Among factors with convergent support, confiding in others showed the strongest phenotypic associations, even among at-risk individuals, and these associations were substantiated by robust Mendelian randomization results, validating the impact of trusted social connections as causally protective for depression. Visiting with family and friends was also supported by nominally significant Mendelian randomization results, pointing to frequent social interactions as an additional key facet of social engagement that may be protective. Findings align with the literature on social connections and mental well-being (4) and with our recent study in military personnel demonstrating that greater social cohesion was linked to reduced risk of incident depression despite high genetic or environmental risk (33). Emergence of social factors as the most robust among many other modifiable targets suggests that efforts to counteract disconnection at the societal and individual levels—whether by social activity prescriptions (34) or reducing the stigma of seeking emotional support—should be central to an effective depression prevention agenda. Our two-stage analyses also validated television use as a risk factor for depression (35). Further work is needed to determine whether this effect is due to screen time or media exposure per se, or whether television watching time serves more generally as a proxy for sedentary behavior, which was not explicitly measured in the full sample but has been identified as a risk factor for depression (36). Regardless, our findings suggest that health care provider assessment of media use patterns in adult patients and providing psychoeducation on the potential mood impacts of excess television watching could represent another effective component of depression prevention. Finally, daytime napping emerged unexpectedly with bidirectional influences in the Mendelian randomization context; that is, a tendency for daytime napping in adults appeared to increase risk of depression, but depression itself may be a cause of increased napping.

A substantial number of associated factors were not supported by current Mendelian randomization evidence, for several possible reasons. First, not all modifiable factors—even those prospectively related to depression—may be causal in their effects on depression risk and thus represent weaker targets for prevention. For example, bidirectional Mendelian randomization evidence suggested that factors such as increased computer use and vitamin B supplementation are more likely to be consequences of depression than causes, such that depressed individuals may tend to spend more time on the computer or be more likely to take supplements. It may be useful to leverage these factors as early indicators of depression rather than direct modifiers of depression risk. Causality notwithstanding, the co-occurrence of depression risk with a range of health-relevant behaviors highlights a potential mechanism for physical morbidities (e.g., cardiometabolic disease, premature mortality) often associated with depression, which could inform preventive interventions to reduce health disparities in individuals with or at risk of depression (37).

Second, the relationship between certain modifiable factors and depression may not be straightforward, and more nuanced study is required. For example, overall reported sleep duration, which was related to incident depression but not substantiated by current Mendelian randomization evidence, may have complex and nonlinear effects (38) that could not be fully explored in this study but could be probed in future studies with more detailed sleep-related phenotypes (39). Geocoded environmental exposures such as pollution and natural space also showed associations that did not persist after adjusting for sociodemographic factors and were thus not tested in Mendelian randomization. It may be that such environmental exposures exert stronger influences earlier in development (40) or their effects depend on heterogeneous features (e.g., tree canopy versus grass coverage [41]).

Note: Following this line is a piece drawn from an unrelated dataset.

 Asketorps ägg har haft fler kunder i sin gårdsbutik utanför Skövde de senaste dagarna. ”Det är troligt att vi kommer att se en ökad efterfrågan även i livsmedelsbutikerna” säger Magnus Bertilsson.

Third, although we adjusted for sociodemographic and health factors, residual confounding could explain some observed associations. For example, various dietary factors associated with depression (e.g., cereal consumption, lamb intake, vitamin B supplementation) were not supported in Mendelian randomization and may instead reflect behavioral patterns such as daily routines, social rituals, or health concerns that affect mental health more broadly. Despite popular views of vitamin B as a mood-boosting supplement, our findings align with a current lack of randomized trial evidence supporting beneficial effects on depression risk (42). Among the more surprising findings, multivitamin use was not only associated with increased depression but also supported by Mendelian randomization evidence, although it was attenuated in sensitivity analyses. Given sparse evidence to date (43), this finding should be interpreted with caution unless supported by additional data, although an intriguing but nonsignificant association of multivitamin supplementation with higher odds of depression was recently observed in a multisite randomized trial for depression prevention (44). We also found evidence suggesting reverse causation, whereby depressed individuals may be more likely to take multivitamins.

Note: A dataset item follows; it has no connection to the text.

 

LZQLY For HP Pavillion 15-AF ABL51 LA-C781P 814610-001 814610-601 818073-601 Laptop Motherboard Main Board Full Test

Fourth, the strength of current genetic instruments may have contributed to discrepancies between phenotypic and Mendelian randomization associations, and results may require updating as new genetic discoveries emerge. Although physical activity variables showed some of the largest protective relationships with incident depression, their effects were not bolstered in Mendelian randomization. We previously observed that while influences of objectively measured physical activity (not included here) on depression were validated in Mendelian randomization (3), self-report measures did not show these patterns. Objective measures—capturing a broad tendency for movement—demonstrate higher heritability (45) and may yield more powerful genetic instruments. Indeed, self-reported activity variables, as well as dietary factors, tended to have fewer genome-wide significant SNPs than other traits (e.g., media use). Nonetheless, nominal Mendelian randomization results suggested that liability to engaging in exercises like swimming or cycling (protective) and salt intake (risk) may affect depression risk, meriting further inquiry.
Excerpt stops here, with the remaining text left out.